When I first saw the title of Mark Noll’s book, Is the Reformation Over?, I naïvely assumed that he was critiquing Protestant evangelicalism’s recent ecumenical rapprochement with the Roman Catholic Church. Of course, I was dead wrong. So when Noll asks if the Reformation is over, and he implies a positive answer, one might think Phil Johnson would have disagreed vehemently with him. After all, his seminar today was titled “Is the Reformation Over: Rethinking Evangelical Détente with Rome.”

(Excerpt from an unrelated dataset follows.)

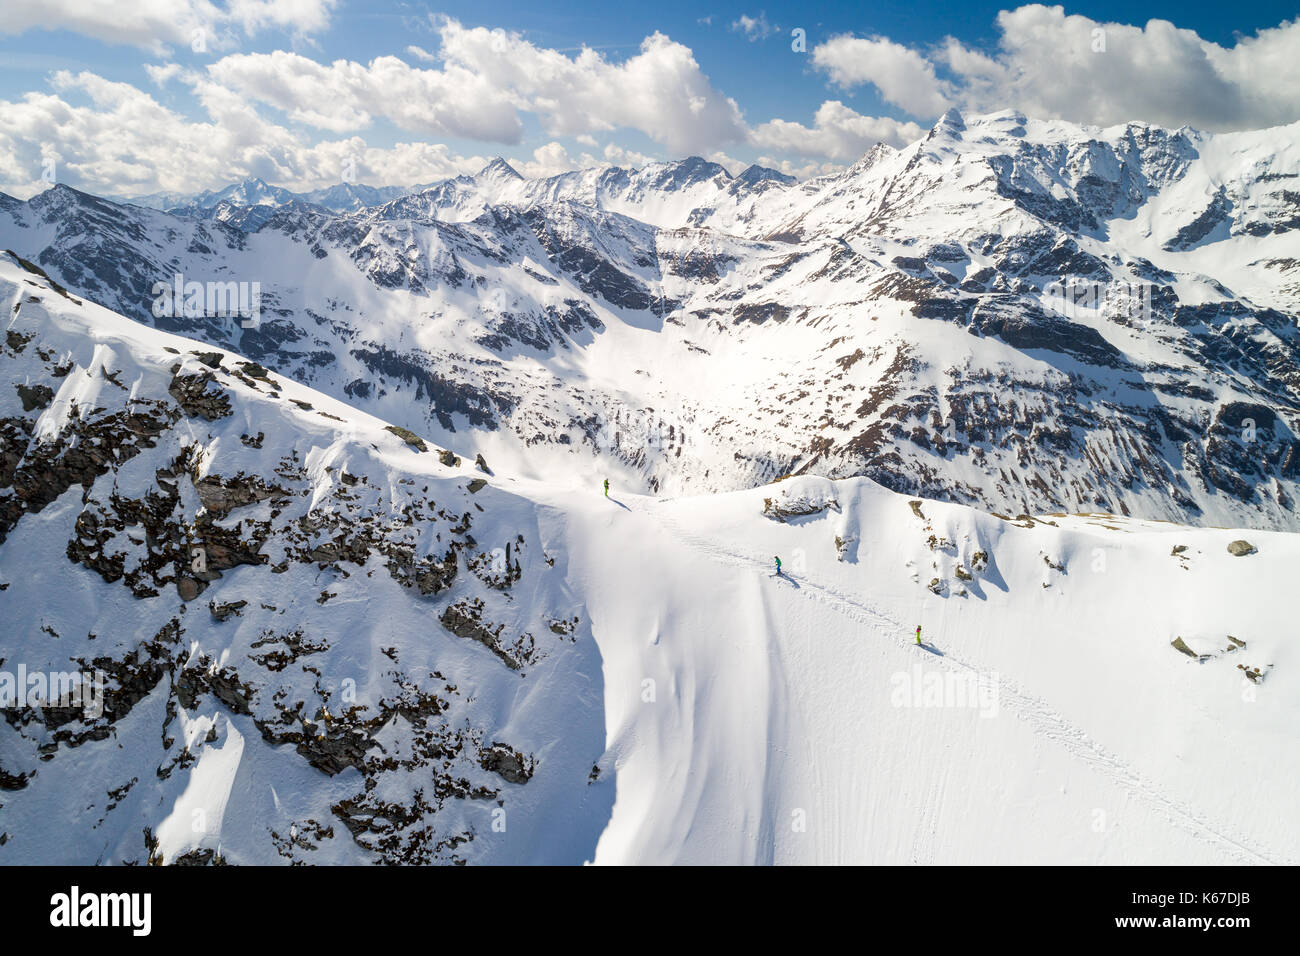 Luftbild von einer Gruppe von 3 Personen Skitouren Stockfoto

At the end of the day, though, I’m not sure Johnson disagreed with Noll’s conclusion much at all. But don’t take that to mean that Johnson likes Noll’s thesis or the state of evangelicalism that facilitated it. To the contrary, Johnson said, “What has really failed is Protestantism, replacing Reformation doctrine it with quasi-cultural evangelicalism.” Later he said that evangelical ecumenical efforts “do not signify the triumph of Luther. They signify the complete failure of 20th century evangelicalism.”
As an interesting side note, if any fundamentalists need some motivation to pick up Noll’s book, Johnson offered it when he said that Noll is shocking in his (sympathetic) frankness in the section that exposes Billy Graham’s early relationships with the RCC. Johnson said that Noll’s documentation validates the fundamentalists’ early protestations at Graham’s politicking.
[Please note: quotes may not be precisely word-for-word since I have transcribed the oral presentation, not quoted from printed notes.]